I implemented the code like below:
class Model(nn.Module):
def __init__(self):
super(Model, self).__init__()
self.conv = nn.Sequential(
nn.Conv2d(3, 64, kernel_size=3, stride=1, padding=1),
nn.ReLU(),
nn.Conv2d(64, 128, kernel_size=3, stride=1, padding=1),
nn.ReLU(),
nn.MaxPool2d(kernel_size=2))
self.dense = nn.Sequential(
nn.Linear(16*16*128, 1024),
nn.ReLU(),
nn.Dropout(p=0.5),
nn.Linear(1024, 10)
)
def forward(self, input):
output = self.conv(input)
output = output.view(-1, 16*16*128)
output = self.dense(output)
return output
model = Model()
print(model)
cost = nn.CrossEntropyLoss()
optimizer = torch.optim.Adam(model.parameters())
n_epochs = 5
for epoch in range(n_epochs):
running_loss = 0.0
running_correct = 0
print("Epoch {}/{}".format(epoch, n_epochs))
print("-" * 10)
for data in data_loader_train:
images, labels = data
images, labels = Variable(images), Variable(labels)
outputs = model(images)
_,pred = torch.max(outputs.data, 1)
optimizer.zero_grad()
loss = cost(outputs, labels)
print(loss)
loss.backward()
optimizer.step()
running_loss += loss.data.item()
running_correct += torch.sum(pred == labels.data)
testing_correct = 0
for data in data_loader_test:
images, labels = data
images, labels = Variable(images), Variable(labels)
outputs = model(images)
_,pred = torch.max(outputs.data, 1)
testing_correct += torch.sum(pred == labels.data)

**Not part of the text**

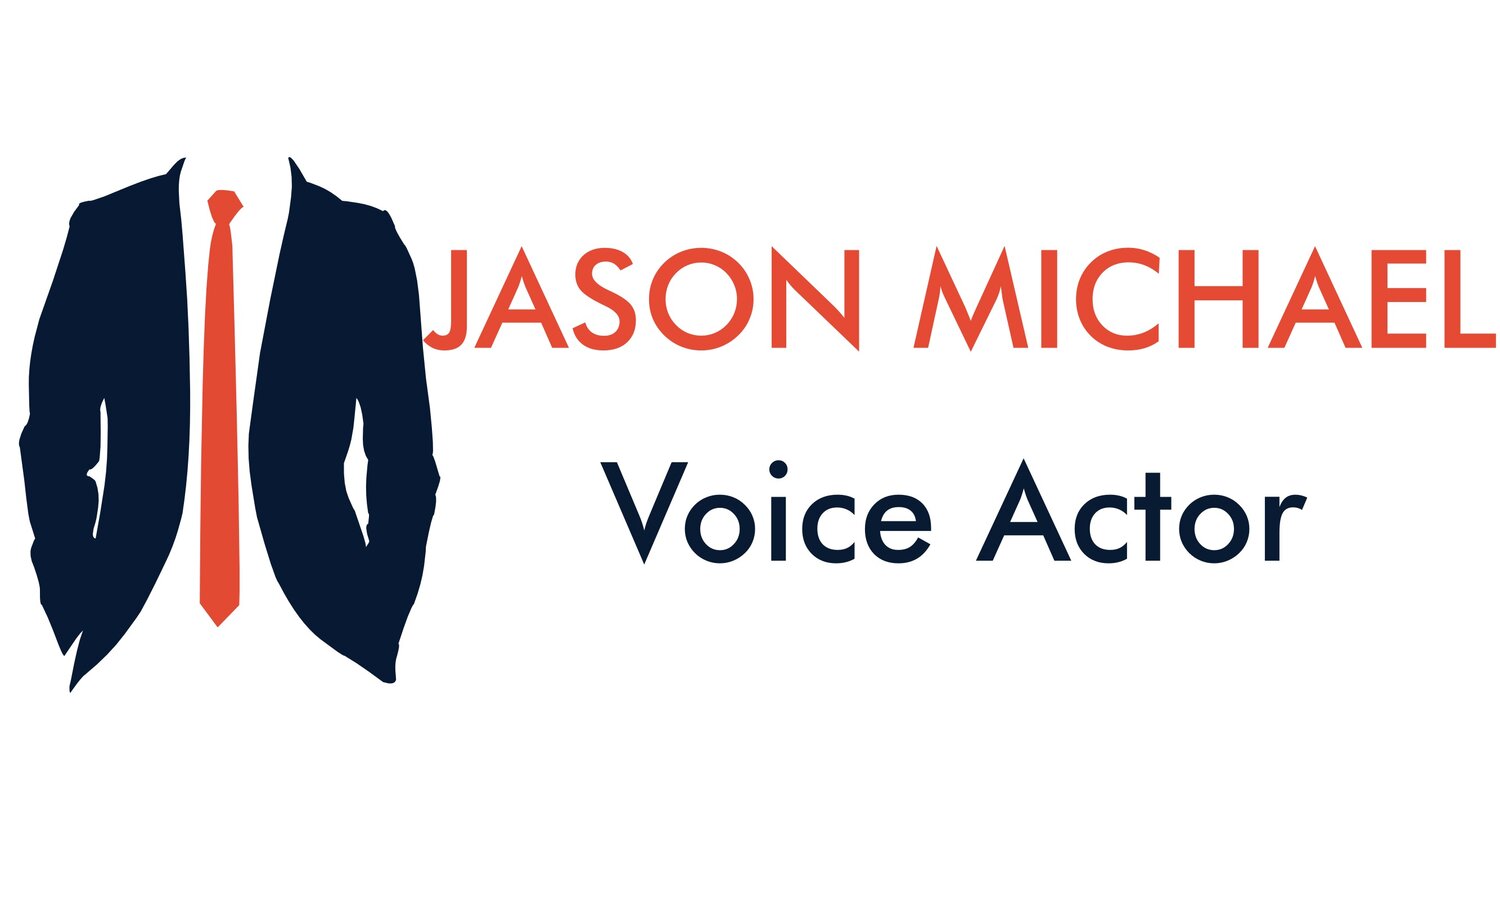 Jason Michael Friendly & Confident Voice Actor

print("Loss is:{:.4f}, Train Accuracy is:{:.4f}%, Test Accuracy is:{:.4f}".format(running_loss/len(data_train), 100*running_correct/len(data_train), 100*testing_correct/len(data_test)))
But I got the error code like this(line 94 is loss = cost(outputs, labels)):
RuntimeError: Assertion `cur_target >= 0 && cur_target < n_classes' failed. at C:\w\1\s\tmp_conda_3.7_055457\conda\conda-bld\pytorch_1565416617654\work\aten\src\THNN/generic/ClassNLLCriterion.c:94
How can I solve this problem? Could you help me? Thank you!